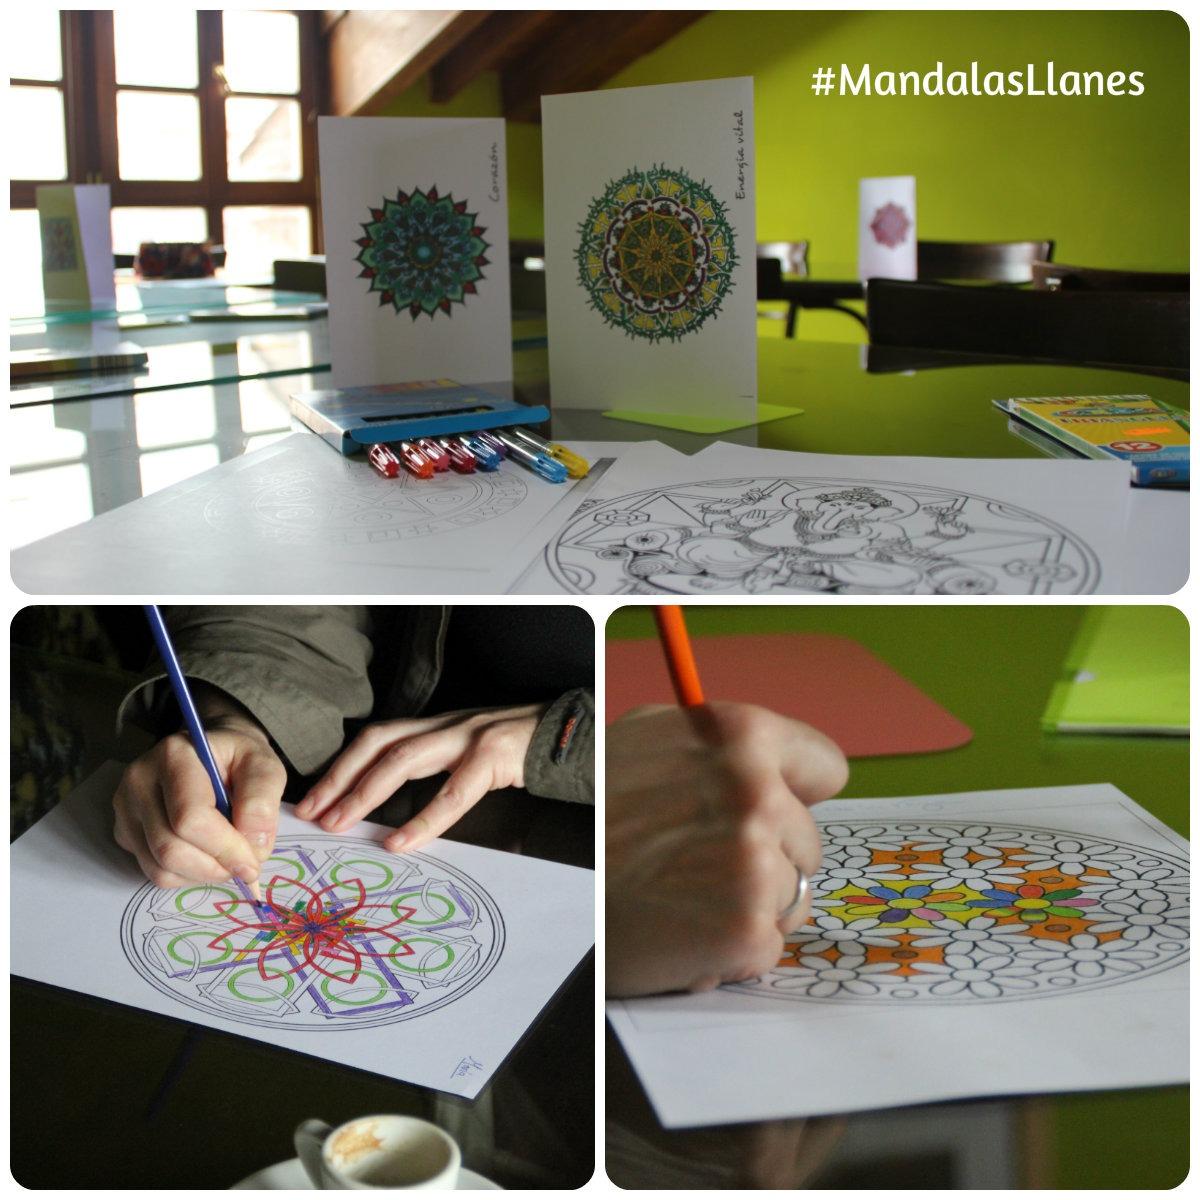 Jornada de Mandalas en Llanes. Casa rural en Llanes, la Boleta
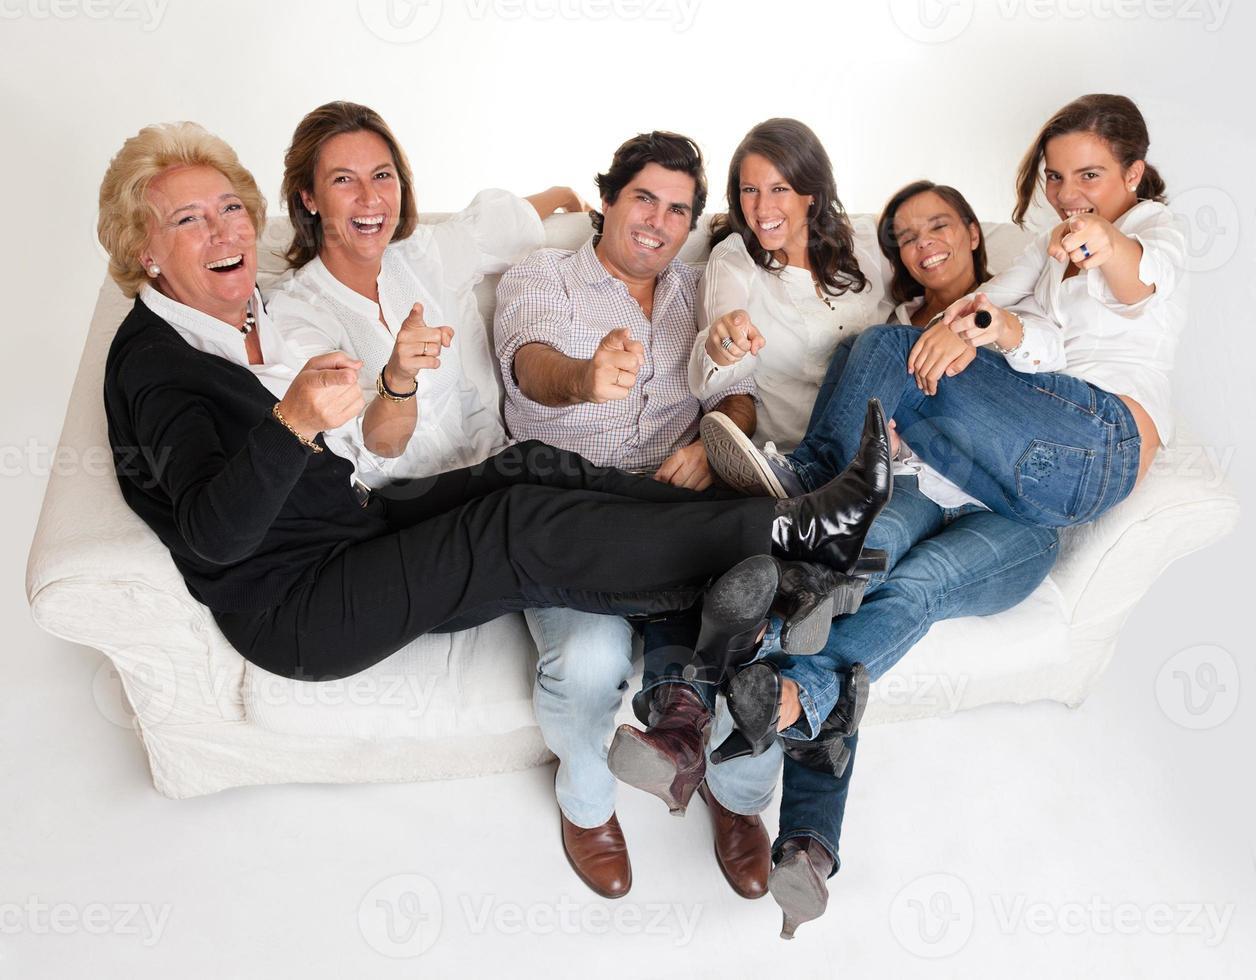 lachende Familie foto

==

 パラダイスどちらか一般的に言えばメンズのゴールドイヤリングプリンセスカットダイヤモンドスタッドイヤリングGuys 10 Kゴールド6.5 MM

* * *

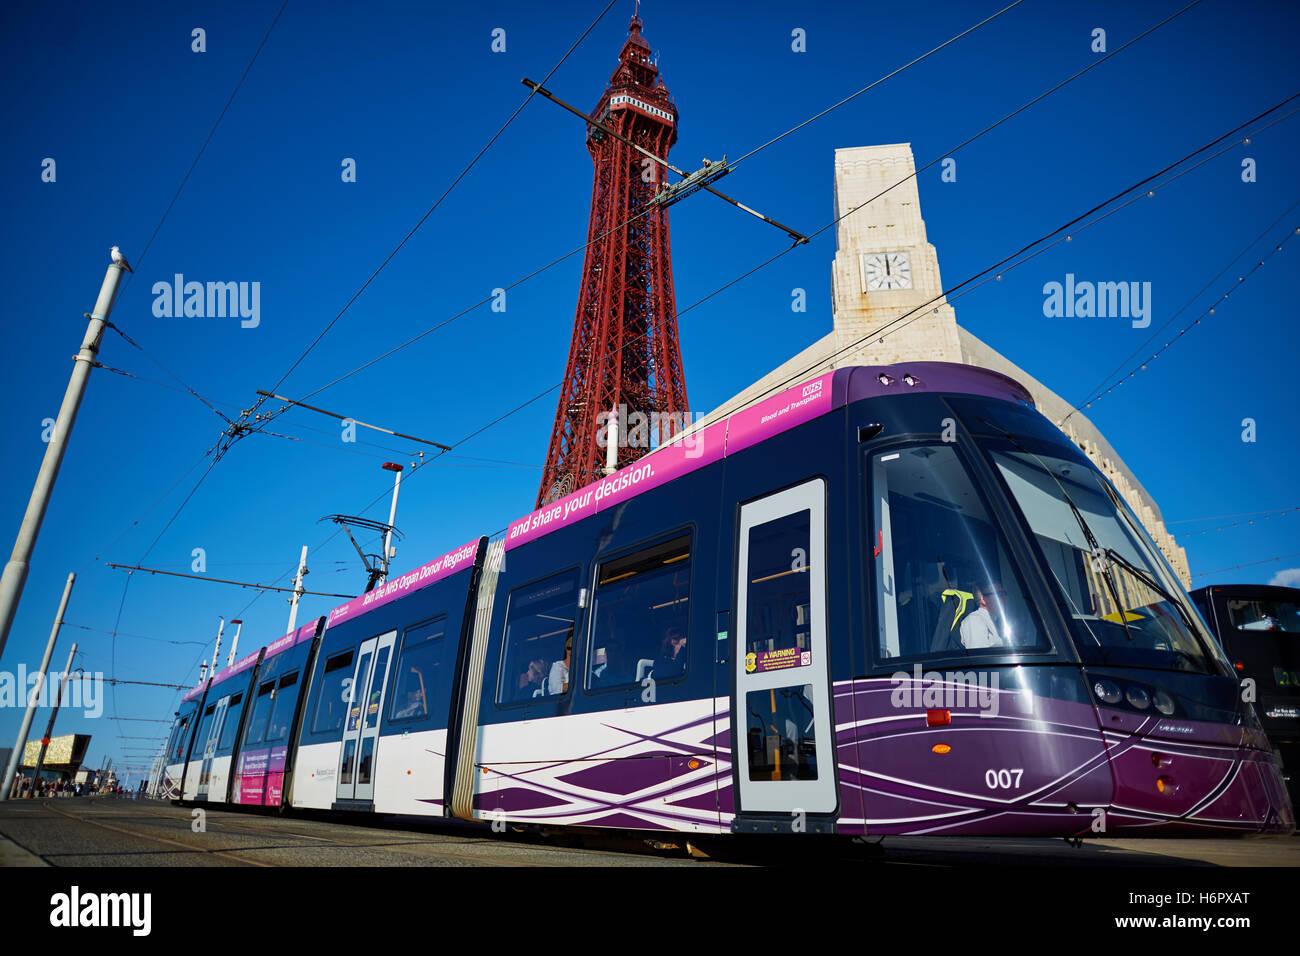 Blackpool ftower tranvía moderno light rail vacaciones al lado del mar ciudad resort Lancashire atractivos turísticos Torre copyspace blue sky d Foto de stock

● **Problem statement**:
Return only the part above that opens with the line containing "Jornada de Mandalas" and closes with the line containing "lachende Familie foto", exactly and with both ends, skipping the pictures.

● **Exercise result**:
 Jornada de Mandalas en Llanes. Casa rural en Llanes, la Boleta
 lachende Familie foto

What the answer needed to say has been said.